Abstracts of 4th Annual UKMF Scientific Meeting on 07-Feb-2003
Clinical and immunological results of MAGE vaccination
Pierre van der Bruggen1,2, Yi Zhang1,2, Pierre G. Coulie1, Aline van Pel1,2, Christophe Lurquin1,2, Didier Coleau1,2 and Thierry Boon1,2.
1Unit of Cellular Genetics, University of Louvain, Brussels,
Belgium, B-1200
2Ludwig Institute for Cancer Research, Brussels Branch, Belgium,
B-1200.
Shared tumour-specific antigens such as those encoded by gene MAGE-3 were used for small-scale therapeutic vaccination trials of melanoma patients with detectable disease. The vaccines consisted of an antigenic peptide, a protein, a pox family recombinant virus (ALVAC) carrying a MAGE-3 sequence, or dendritic cells pulsed with an antigenic peptide.
The results of a number of MAGE-3 peptide, protein, and recombinant virus trials can be briefly summarized as follows. No significant toxicity was observed. Complete or partial clinical responses were observed in about 10% of the patients, and an additional 10% showed tumour regressions of lesser clinical significance. Tumour regressions occurred more frequently with regionally than with distantly metastatic melanoma. They often became noticeable only after several months of vaccination and, when they became complete, this often took several additional months. Responses were often mixed, with some metastases progressing at a time where others were clearly regressing.
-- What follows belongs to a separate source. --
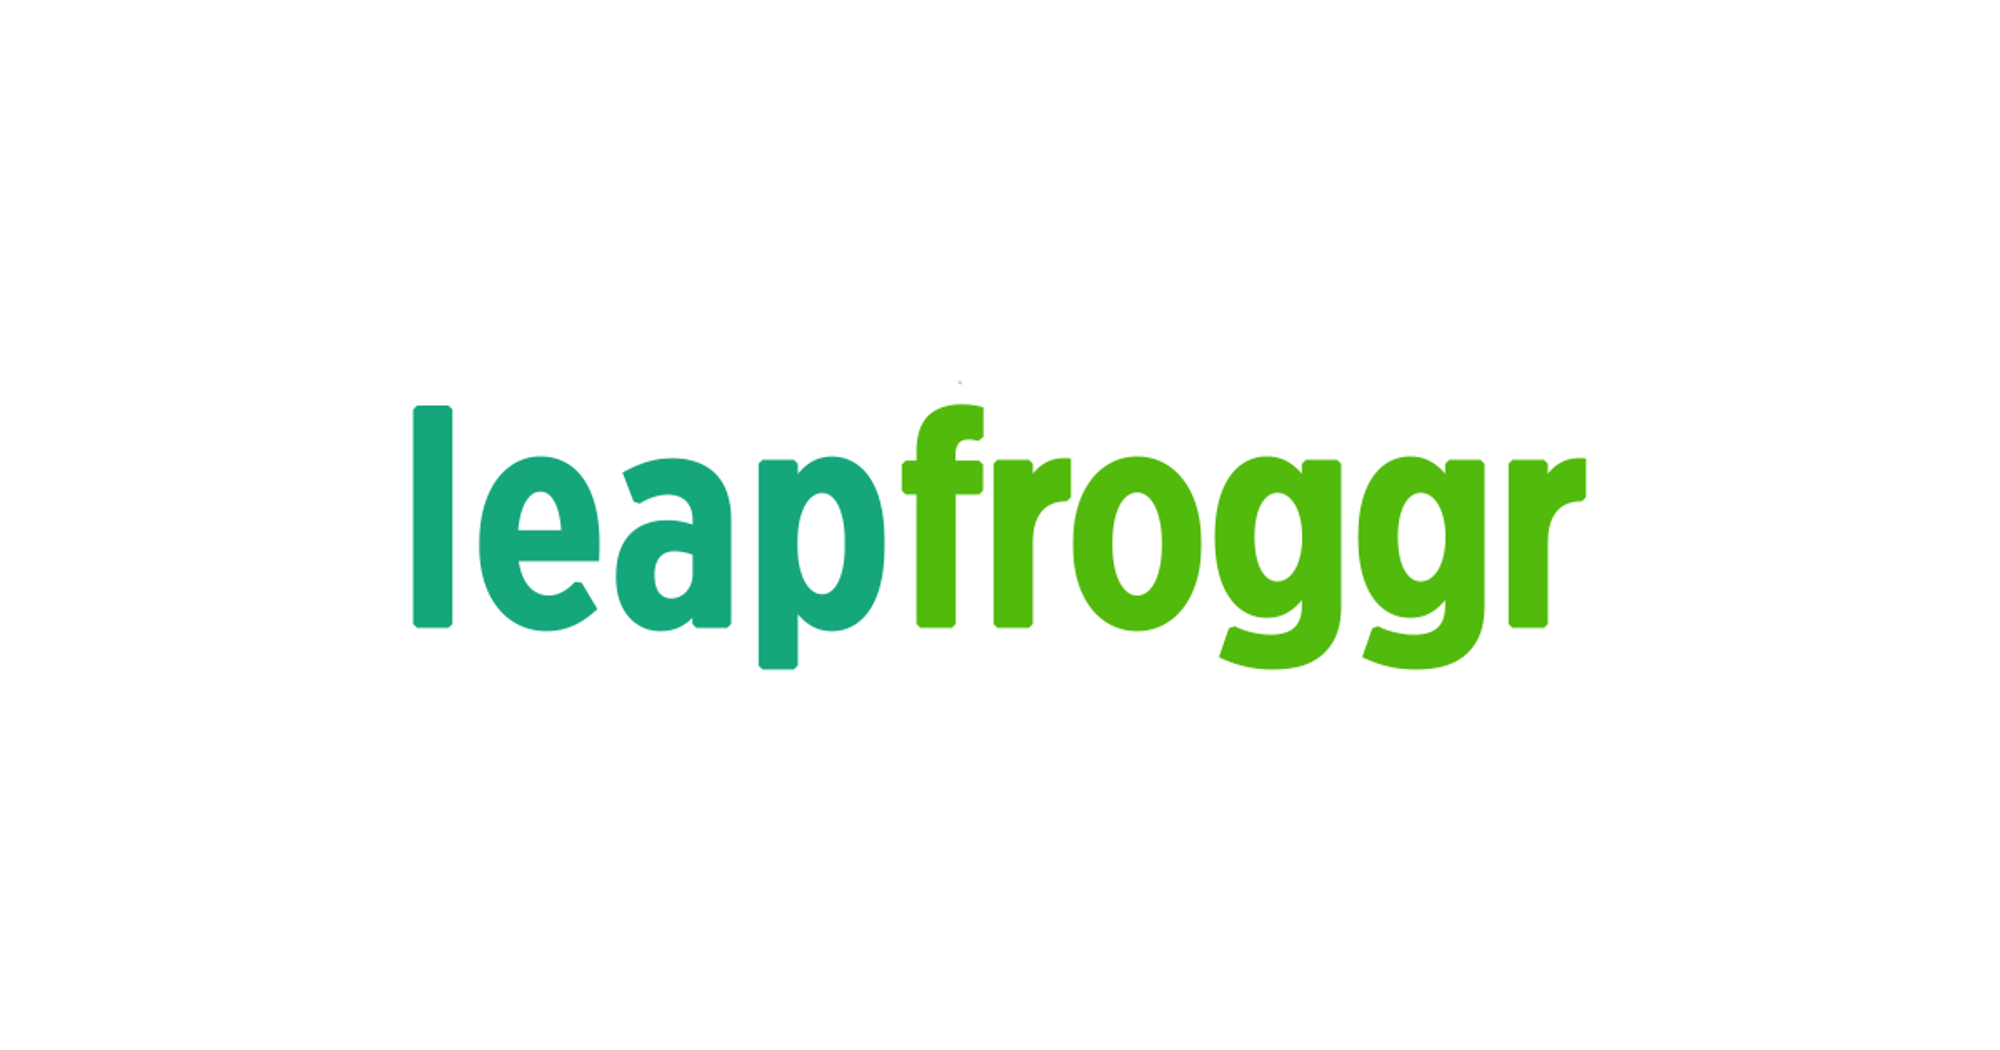 Android Developer at LeapFroggr Inc.

The 20% rate of tumour regressions that was observed appears to be well above the rates of spontaneous regressions that have been reported, and we are therefore inclined to conclude that the regressions are caused by the content of the vaccine. But 80% of the vaccinated patients fail to display any detectable regression. This failure could be due to two major causes that are not mutually exclusive: a failure of the vaccine to induce a significant T cell response or a resistance of the tumour to immune attack. To establish which of the two is the major cause of failure, it is essential to establish whether there is a correlation between the observation of a T cell response against the vaccine antigen and the observation of tumoural regression. If only those patients who show tumour regression show CTL responses, this will suggest that the induction of CTL responses is limiting.
To detect anti-MAGE-3.A1 T cell responses, we resorted to an in vitro restimulation with the antigenic peptide in the presence of IL-2, IL-4 and IL-7, before labelling with tetramers. In order to evaluate precursor frequencies, these "mixed lymphocyte-peptide cultures" (MLPC) were carried out in limiting dilution condition.
Tetramer-positive cells were sorted and cloned. The specificity of the CTL clones was verified, and their TCR sequenced. Using this approach we found weak CTL responses in some of the patients who showed tumour regression after vaccination with peptide or recombinant ALVAC. The CTLp frequencies in the blood vary from 3 x 10-5 to 6 x 10-7 of the CD8 cells. These responses were usually monoclonal, and clonotypic PCR performed directly on PBMC confirmed the low CTLp frequencies. We have observed anti-MAGE-3.A1 CTL responses in 5/10 regressor patients and only in 1/14 progressors, leaving open the possibility that a correlation will be found between clinical and immunological responses. Such a correlation has not yet been demonstrated. If this correlation is established, it will indicate that, under our conditions of vaccination, the induction of an anti-MAGE T cell response is the main limiting factor for clinical success. It will then be important to find modalities of vaccination that induce better T cell responses. CTL responses by patients vaccinated with dendritic cells incubated with peptide MAGE-3.A1 have been reported, and preliminary results suggest that these responses are polyclonal, with higher CTL frequencies than in patients vaccinated with peptides. If this is confirmed, it will be crucial to examine whether such vaccinations with dendritic cells induce better clinical responses. HLA-DP4 multimers containing a MAGE-3 peptide have recently been obtained and used to analyse patients injected with this HLA-class II restricted peptide.